■ EXERCISE DETAILS ■
Note the line containing "David J. Frankenberger"; from it through the last line below, give only those lines again, exactly, both ends included, skipping pictures.

■ INFORMATION PROVIDED ■
━━━

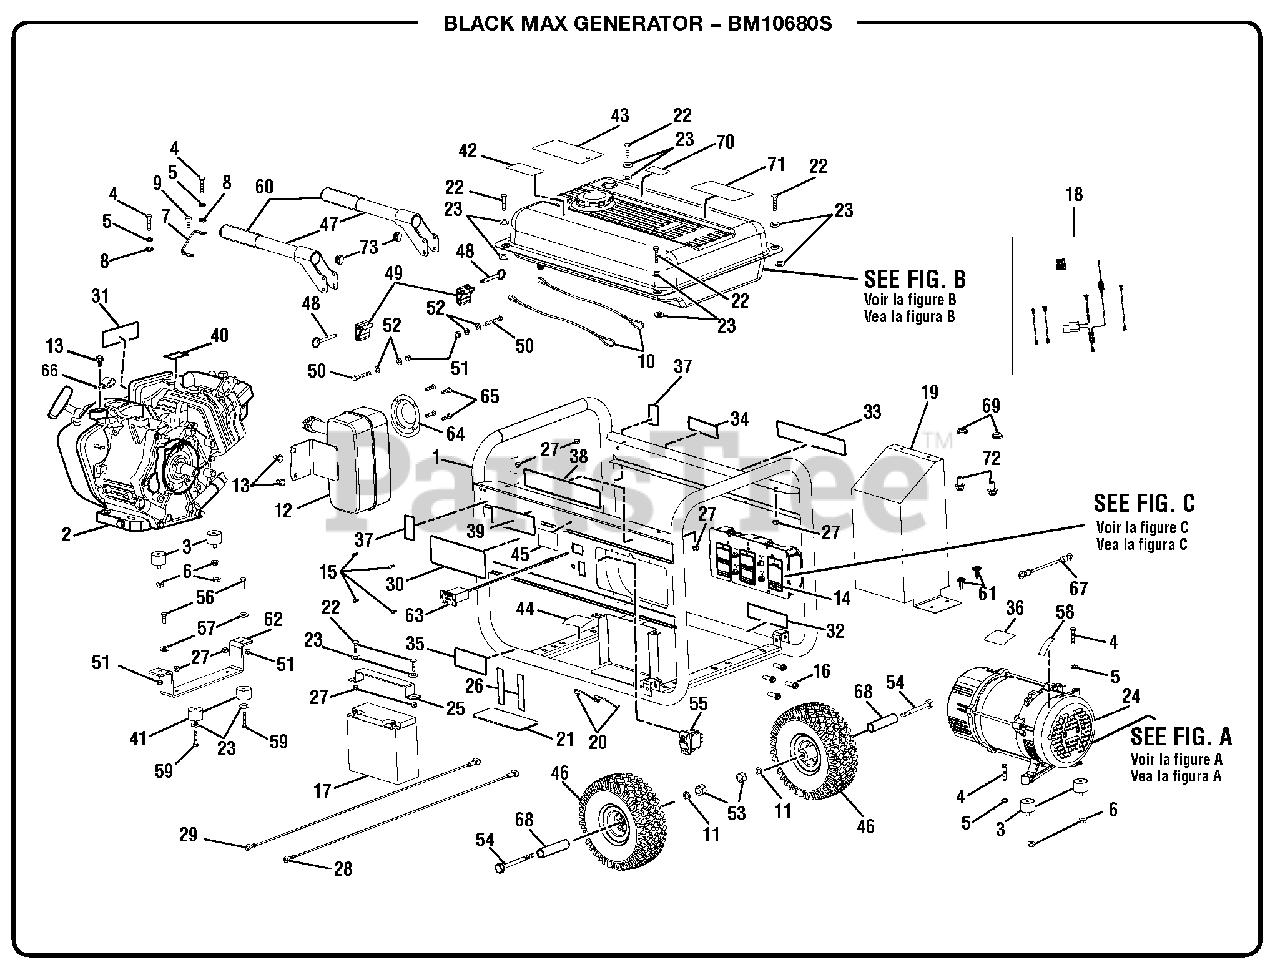 Yamaha Mz360 Engine Wiring Diagram - Avalon Wiring Harness  bege-doe1.au-delice-limousin.fr | Mz360 Wiring Diagram |  | Bege Wiring Diagram - Bege Wiring Diagram Full Edition
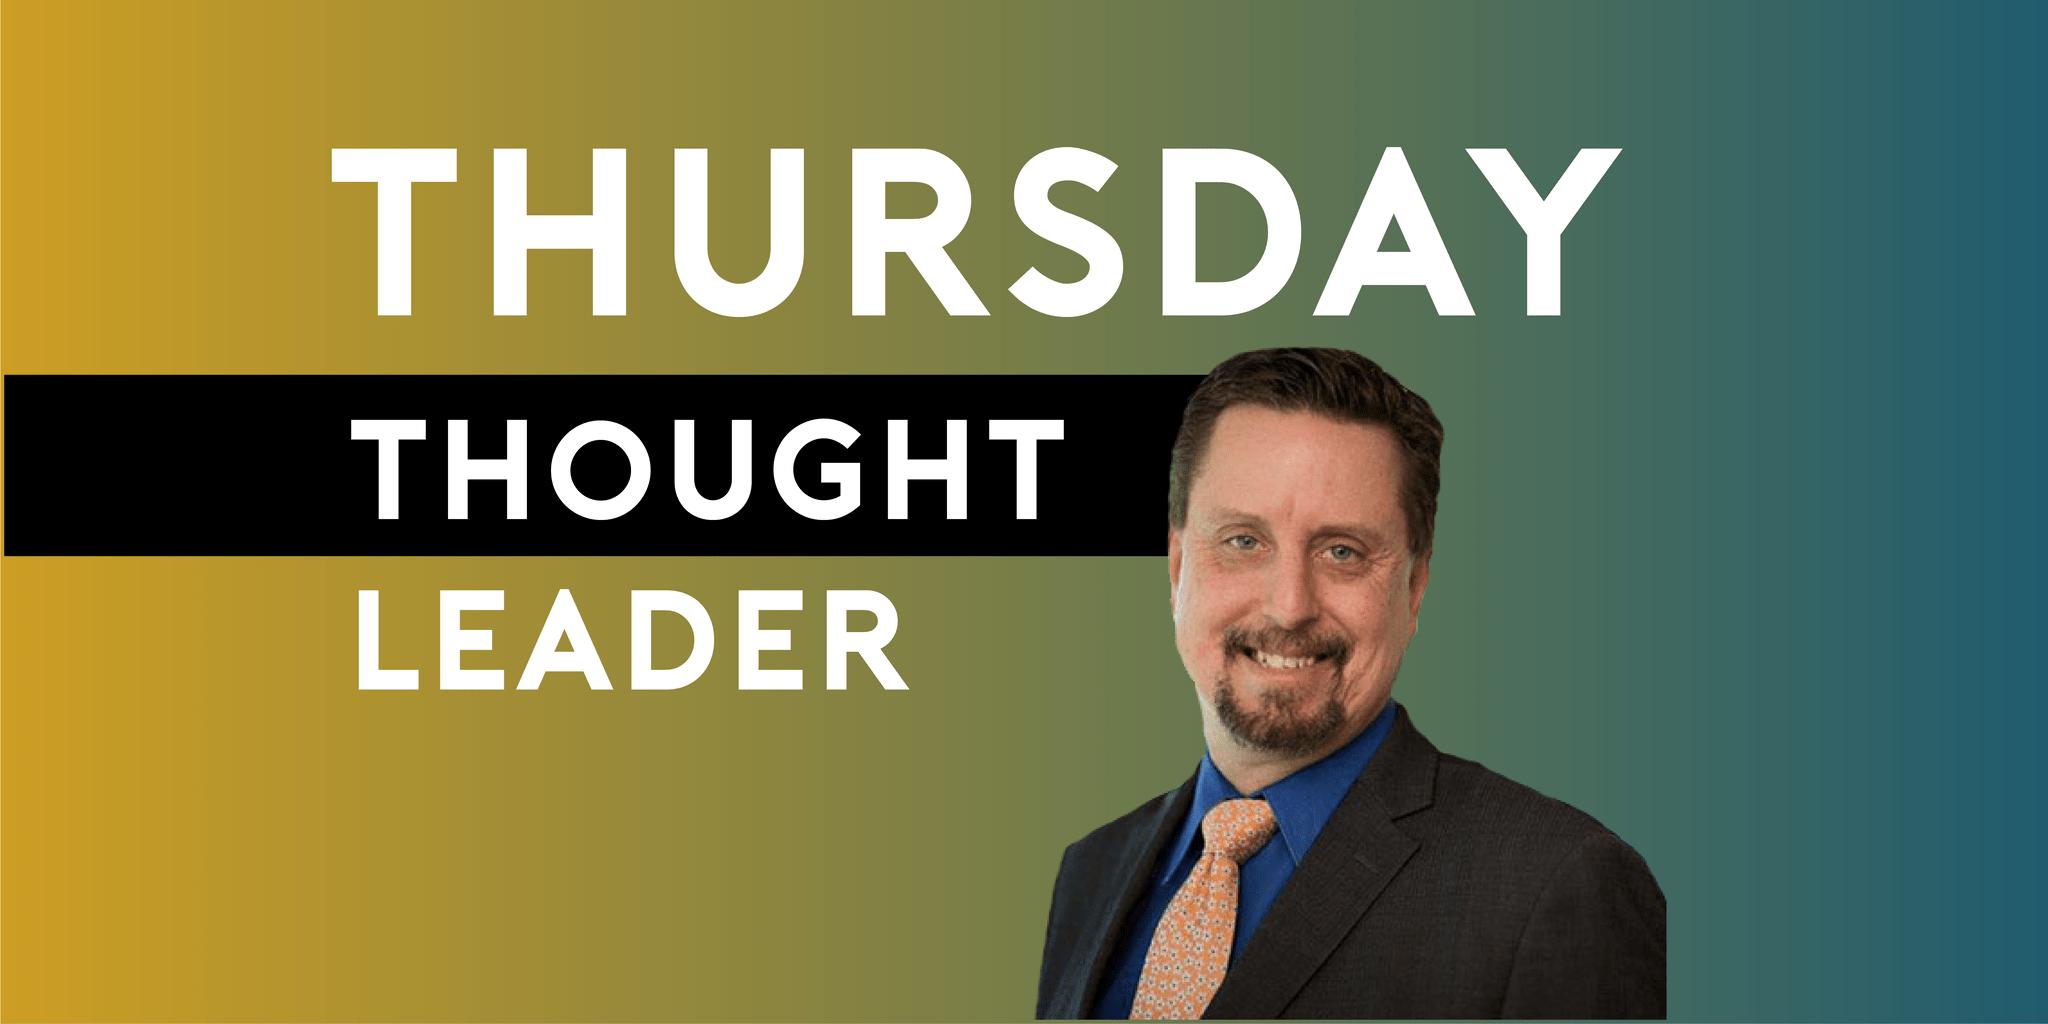 David J. Frankenberger of Ericksen Arbuthnot is LegalNet Inc's Thursday Thought Leader
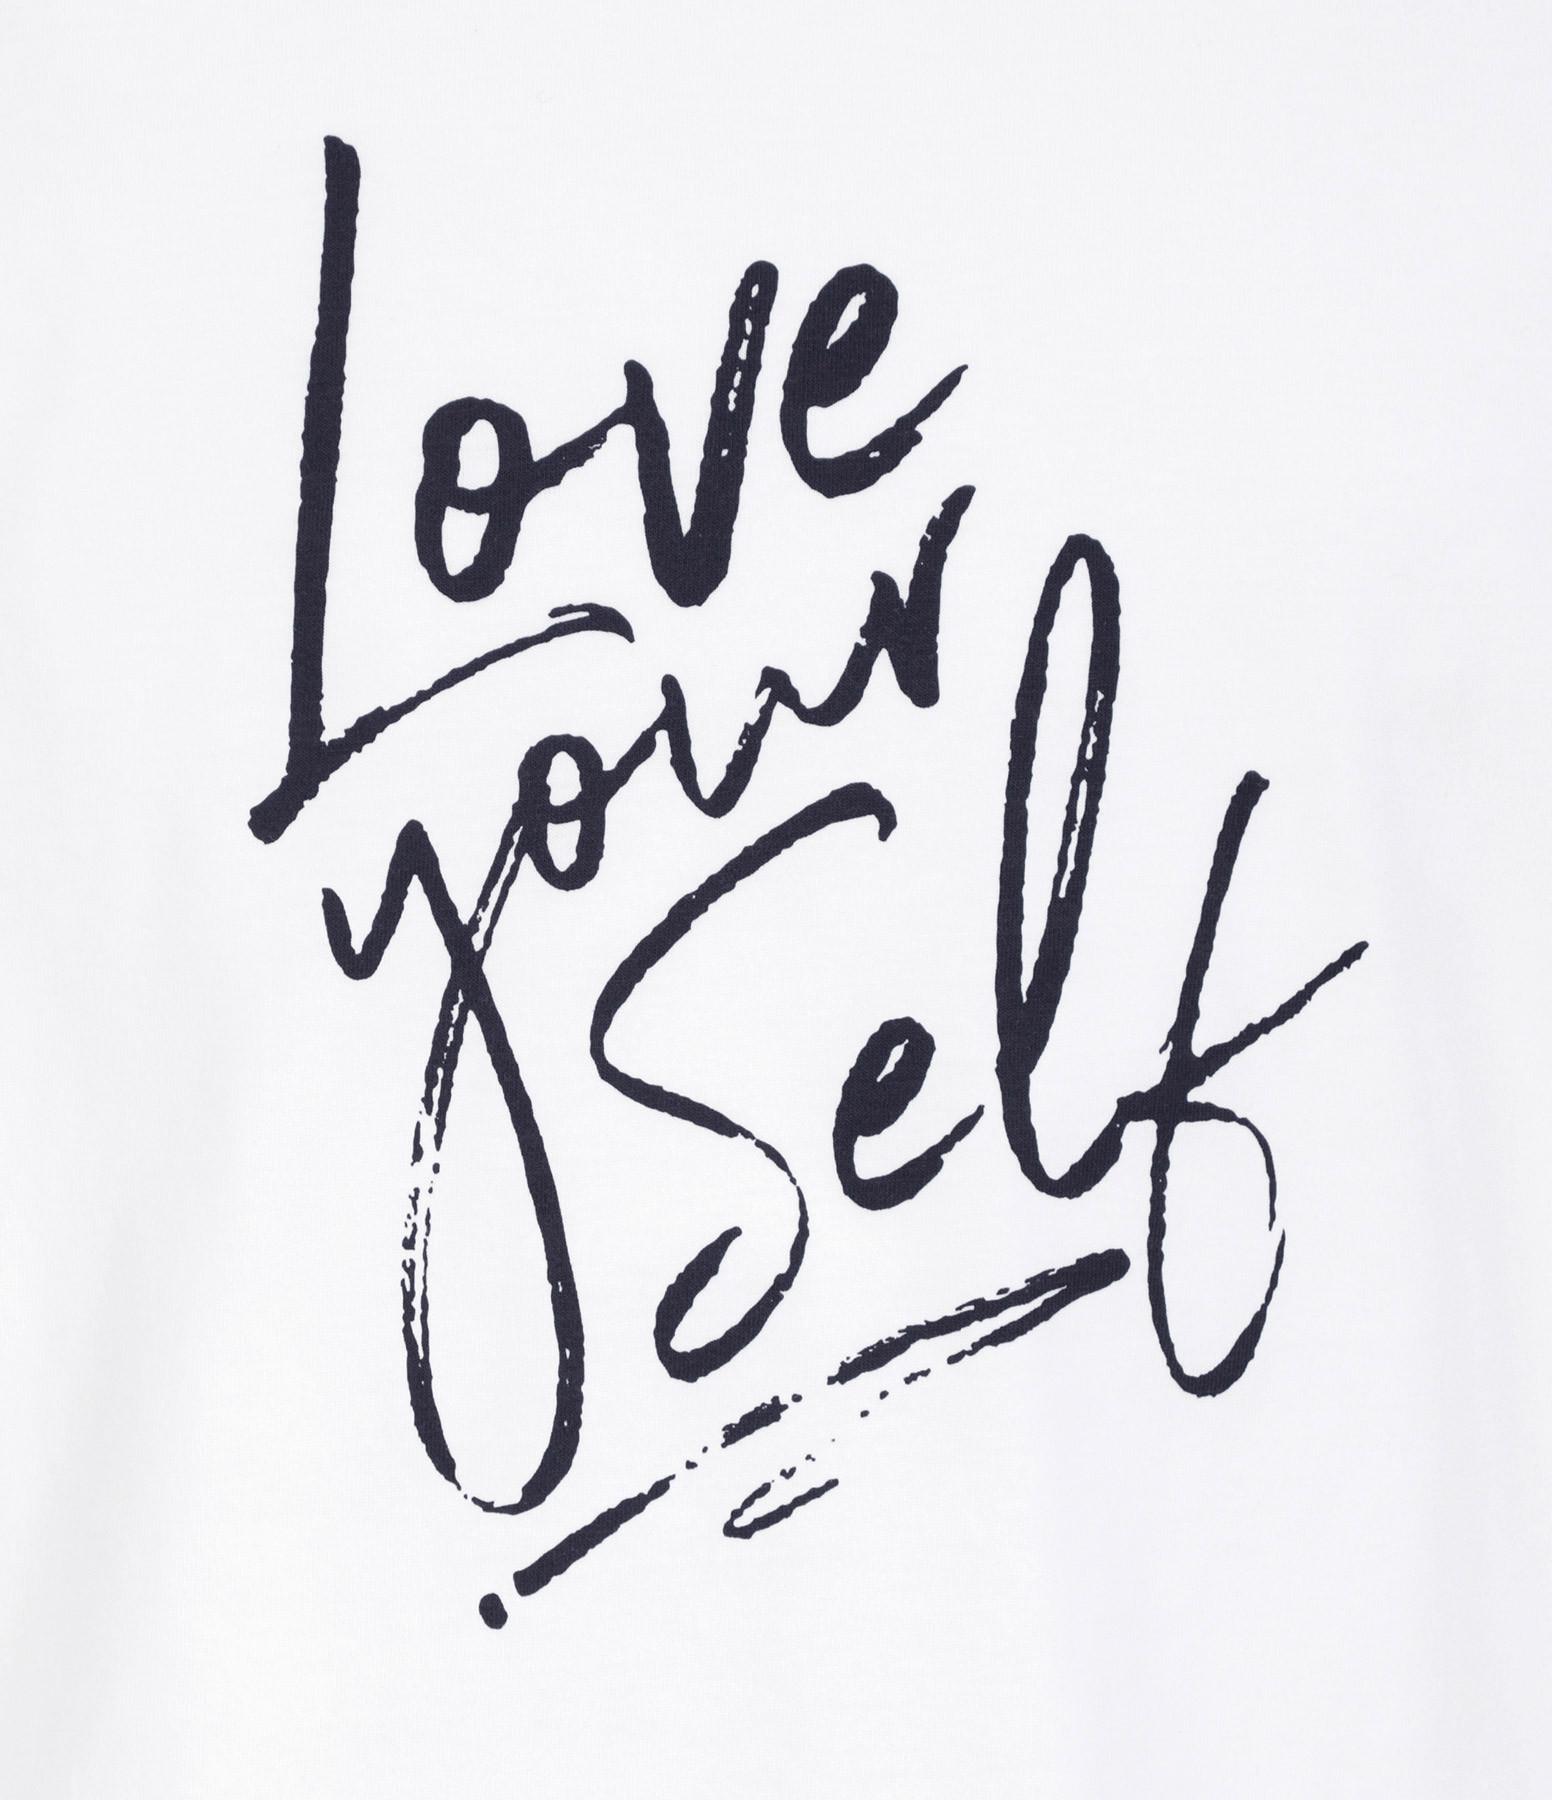 JEANNE VOULAND - Tee-shirt Fael Love Yourself Coton Biologique Blanc
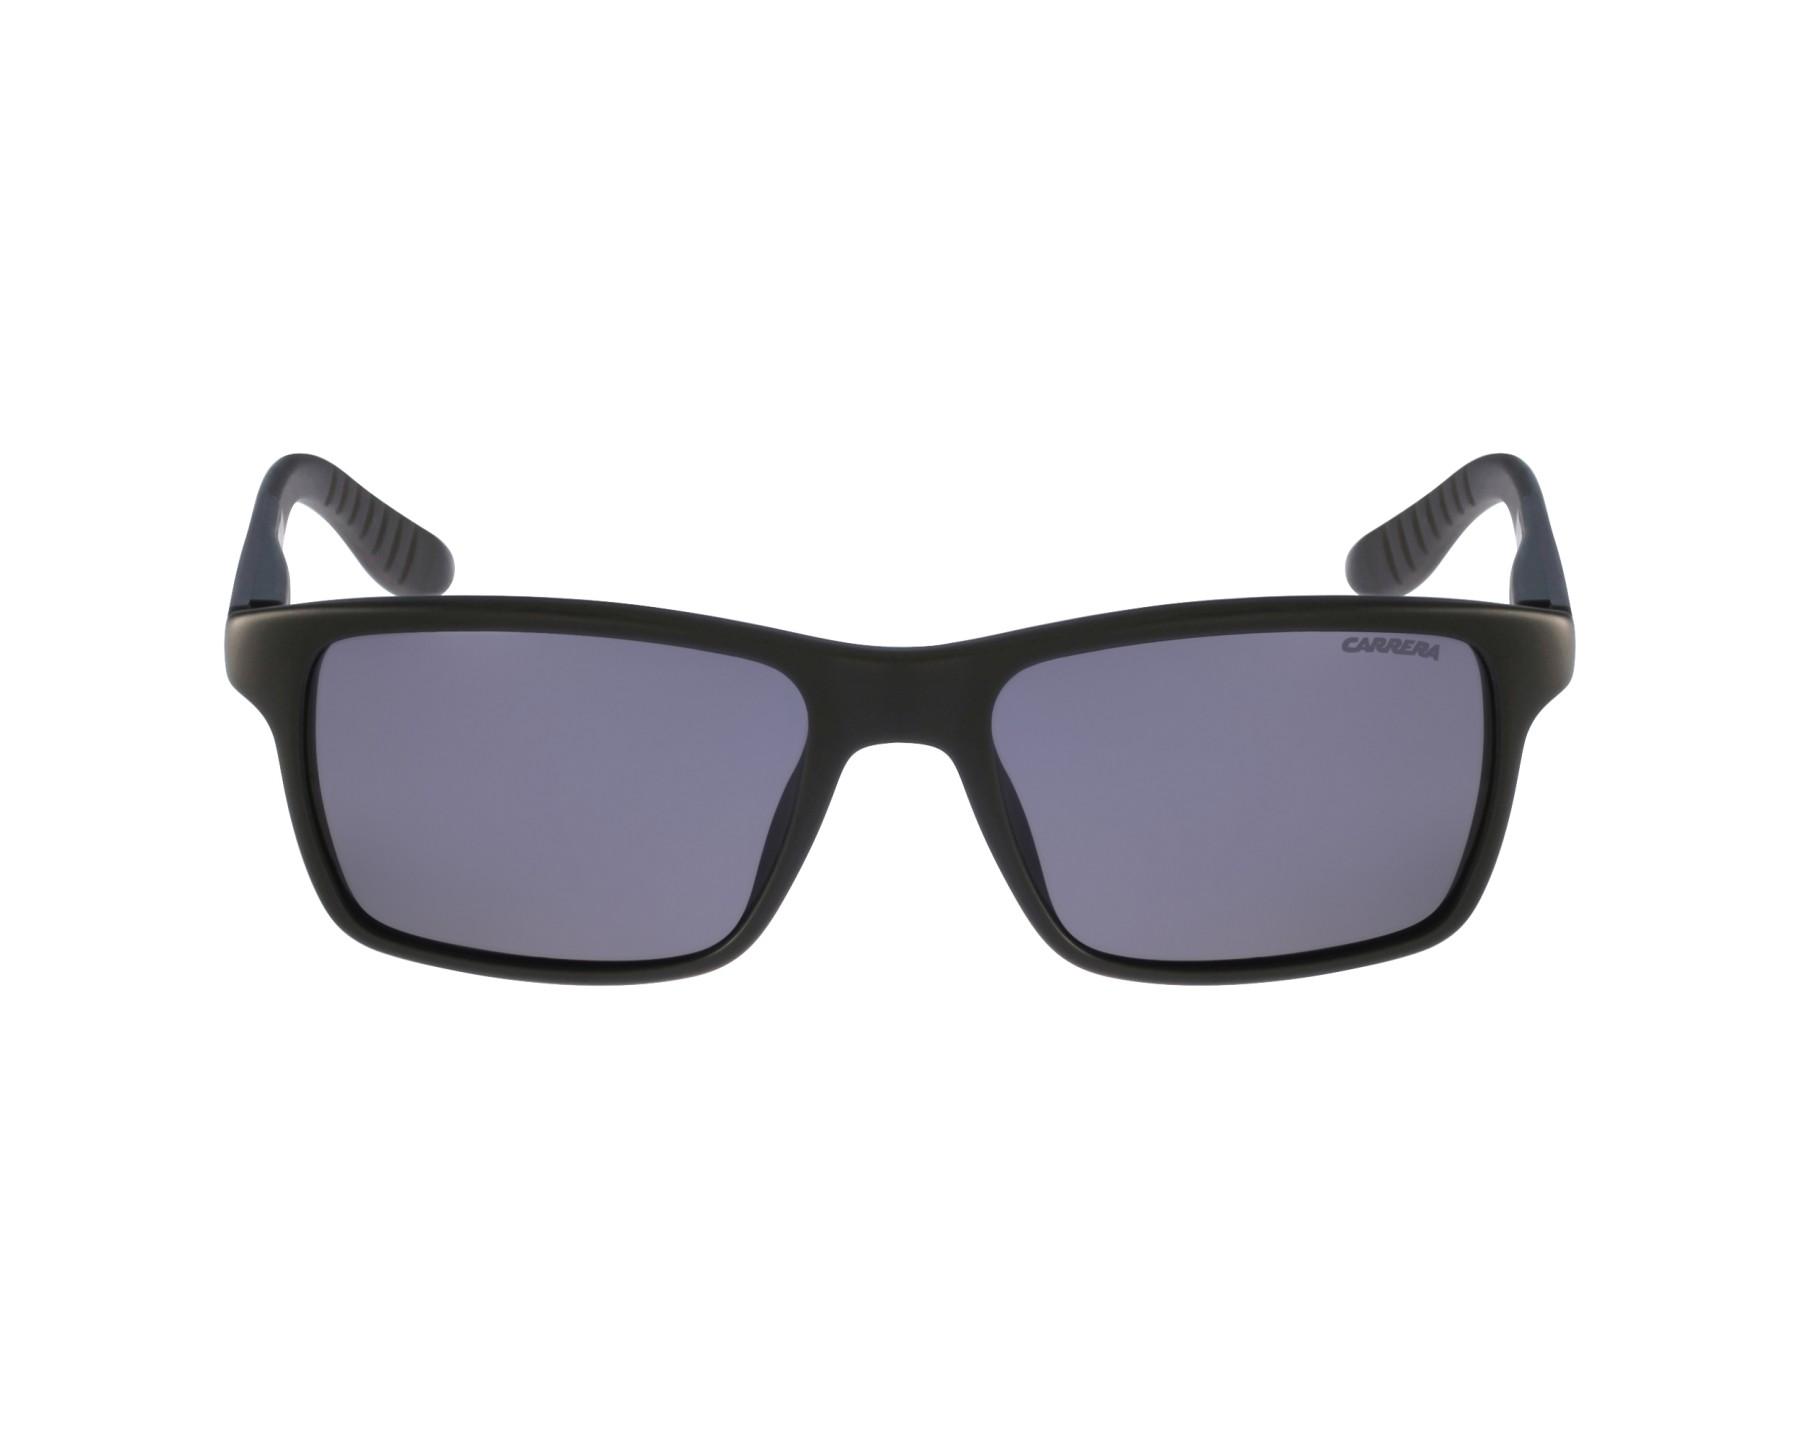 b8ccf84af1cd Polarized. Sunglasses Carrera 8002 DL5/TD - Black profile view

━━━

■ FINISHED TASK ■
 David J. Frankenberger of Ericksen Arbuthnot is LegalNet Inc's Thursday Thought Leader
 JEANNE VOULAND - Tee-shirt Fael Love Yourself Coton Biologique Blanc
 b8ccf84af1cd Polarized. Sunglasses Carrera 8002 DL5/TD - Black profile view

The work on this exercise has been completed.